4.) Use Supporting Text to Supplement Your Image Optimization

Google can’t read the text on your infographic (yet), so it might miss any keywords on the image itself. In addition to the tips above, you can make up for that in a few different ways:

  • Introduce your infographic with a keyword-rich explanation of the image.
  • Consider your infographic while you optimize the meta description and headlines on your page.
  • Use the caption wisely (without being too wordy or resorting to keyword stuffing).
  • Keep the URL of your article and image fairly short, but use them to advance your SEO strategy when you can.
An example of how to choose an image caption that will help with SEO
This caption from a recent article describes the image accurately, while also working in one of the main keyword phrases from that article: “local SEO.”

5.) Minimize File Size for Faster Load Speeds

Simply put, smaller files load faster than enormous images, and Google (just like everyone else) prefers web pages that show up quickly. Don’t shrink your file so much that it becomes fuzzy or hard to read, but do keep the file size down as much as you can. To find out if file sizes are slowing your page down, check PageSpeed Insights by Google.

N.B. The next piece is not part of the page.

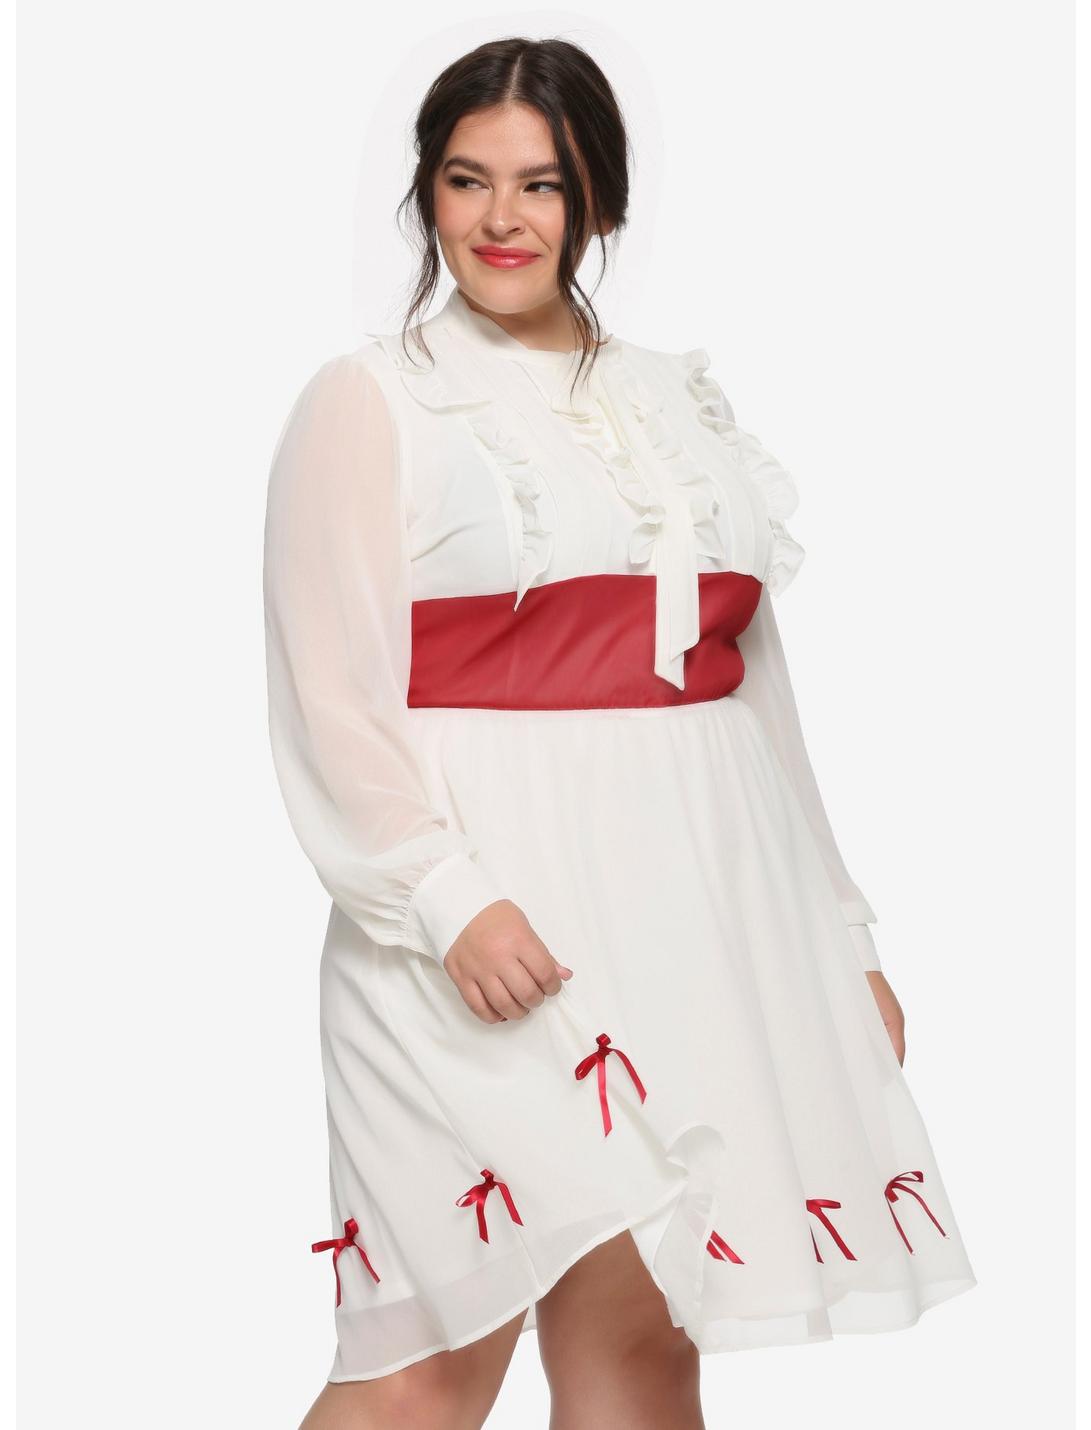 Her Universe Disney Mary Poppins Classic Chiffon Dress Plus Size, WHITE, hi-res

Example of test results for page loading speed
The Buddy Gardner homepage gets a perfect 100 for desktop loading speeds, but only comes in at 81 for mobile loading. Google identifies opportunities for improvement when returning a score.

Final Words on Optimizing Images for SEO

SEO for infographics shouldn’t be too much different than it is for any other content. The only twist is that Google can’t always understand the image itself, so it’s especially important to optimize everything around it. The search engine is getting smarter all the time, so good context clues can definitely help your infographic rank higher in Google search results.